An alternative approach to adding covariates to the model is to carry out a subgroup analysis. In our LTBI example, we estimated incremental value within subgroups defined by study setting. The QFT had different incremental value beyond the TST depending on the population and BCG vaccination policy. In low-risk groups, using the TST + and QFT + decision rule could help avoid unnecessary LTBI therapy. On the other hand, using the TST + or QFT + decision rule could help clinicians who are worried about missing LTBI cases in high-risk groups, such as HIV/AIDS patients and young children.

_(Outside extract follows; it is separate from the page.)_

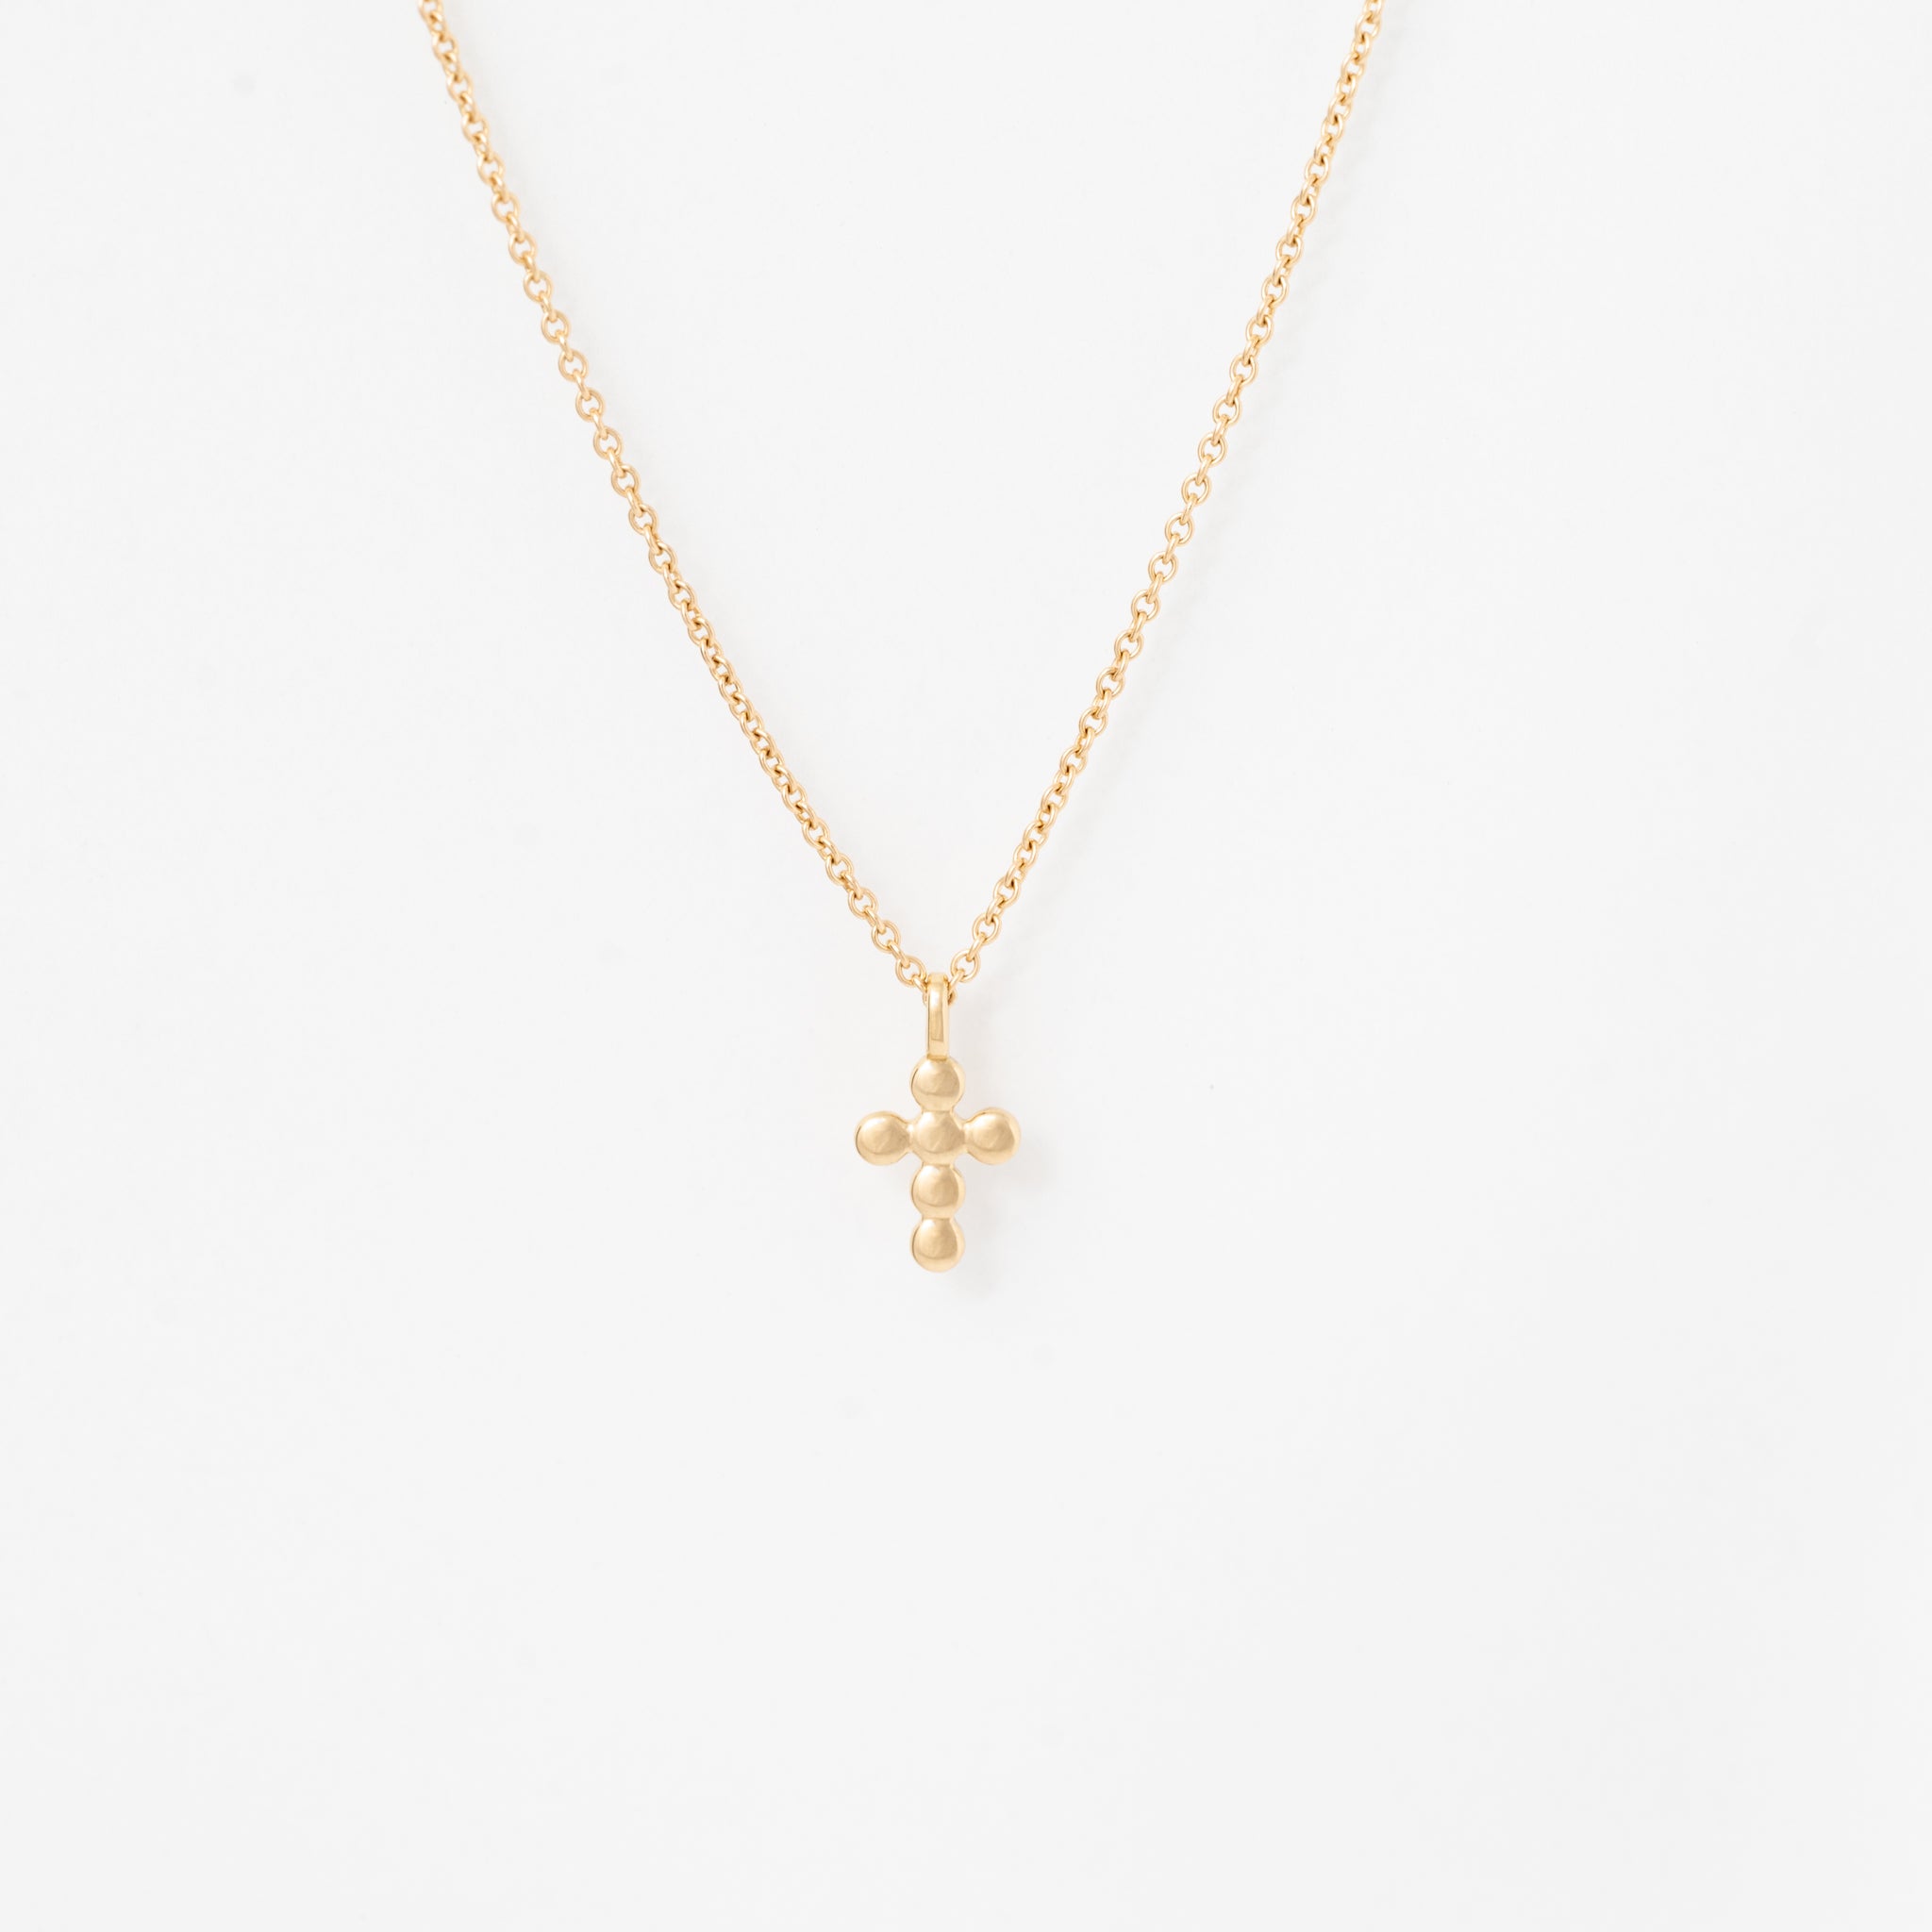 Gold Cross Pendant & Chain Necklaces - 3 Pack

Such reasoning has been used to support cost-effectiveness analyses of the TST and QFT for diagnosis of LTBI [
36]. The Bayesian approach we propose is an improvement over such approaches since it takes into account the joint uncertainty in the sensitivity and specificity parameters of both tests [
37].
Several national guidelines now exist on using IGRAs such as the QFT, and many low-incidence countries recommend a two-step process: if TST is positive then perform the QFT as a confirmatory test [
29]. This approach is equivalent to the “diagnose LTBI if TST + and QFT+” rule in terms of incremental value but is cheaper since not all patients receive both tests. In fact, the “diagnose LTBI if QFT+” rule (data not shown) would give similar results compared to the TST + and QFT + rule in the Portuguese data. However, the QFT is sold as a commercial kit that is more expensive than the TST. Ultimately, the decision to implement a new test into practice will depend on many factors, including patient preferences, risk of complications and cost considerations.
Competing interests
The authors declare that they have no competing interests.